Паркер, не находя себе места, одолеваемый вопросами, непрерывно терзавшими мозг, подошел к камину и стал рассматривать статуэтки.
— Прекрасная работа, — искренне похвалил он. — Восемнадцатый век, не так ли?
— Да, — тихо ответила Лайза.
Паркер возвратился, встал перед ней, старательно Отводя глаза от груди, видневшейся в треугольном вырезе платья сливового цвета, и наконец задал вопрос, мучивший его больше всего:
— Что заставило тебя наброситься на Фаррела, Лайза?
Лайза вздрогнула и резко вскочила.
— Не знаю, — солгала она, потому что его близость и долгожданное присутствие здесь вызывали дрожь в голосе.

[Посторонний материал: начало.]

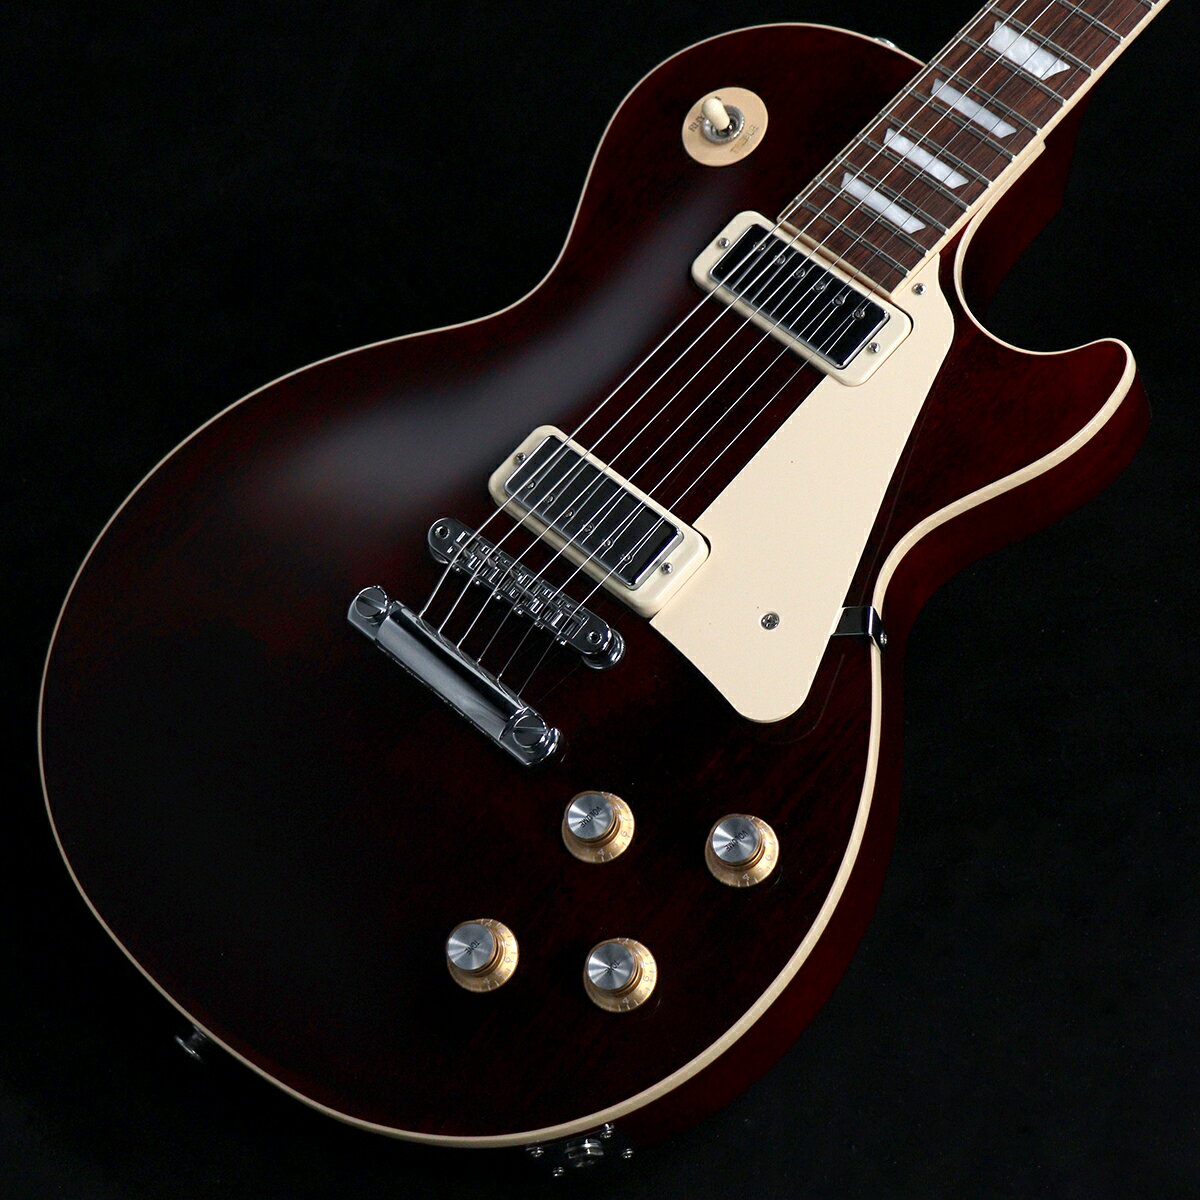 Gibson USA / Les Paul 70s Deluxe Wine Red(重量:4.38kg)【チョイキズ特価】【S/N:234820019】【渋谷店】【YRK】
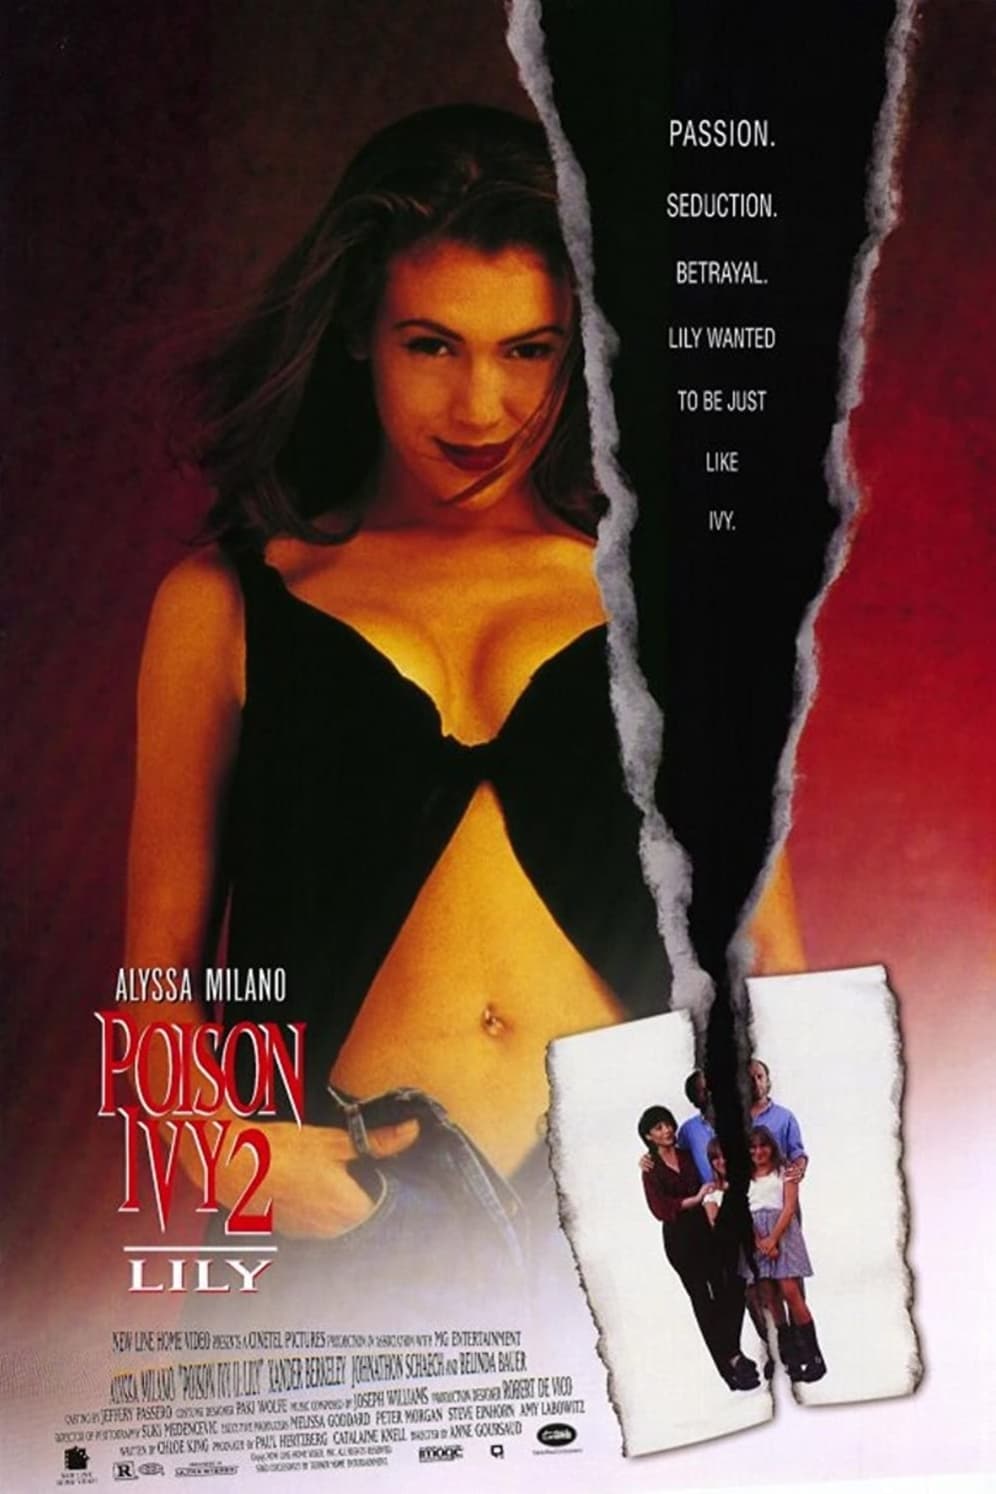 EN - Poison Ivy 2: Lily (1996)

— Ты меня не выносишь, однако ринулась на защиту словно ангел мщения, — настаивал Паркер. — Почему?
Лайза, кусая губы, мысленно спорила с собой. Что лучше — отделаться шуткой или рискнуть всем и признаться, прежде чем какая-нибудь соперница снова завладеет им? Паркер сбит с толку и требует объяснений, но Лайза инстинктивно понимала, что он никак не ожидает признания в любви.
— А почему ты считаешь, что я тебя не выношу?
— Да ты смеешься, — язвительно бросил он. — Сама ведь никогда не упускала случая высказать свое мнение обо мне и моей профессии.
— Ax, ты об этом! — махнула она рукой. — Я… я просто привыкла поддразнивать тебя.
Она отвела взгляд от этих пронизывающих голубых глаз и направилась в кухню, расстроенная тем, что Паркер взял поднос и последовал за ней.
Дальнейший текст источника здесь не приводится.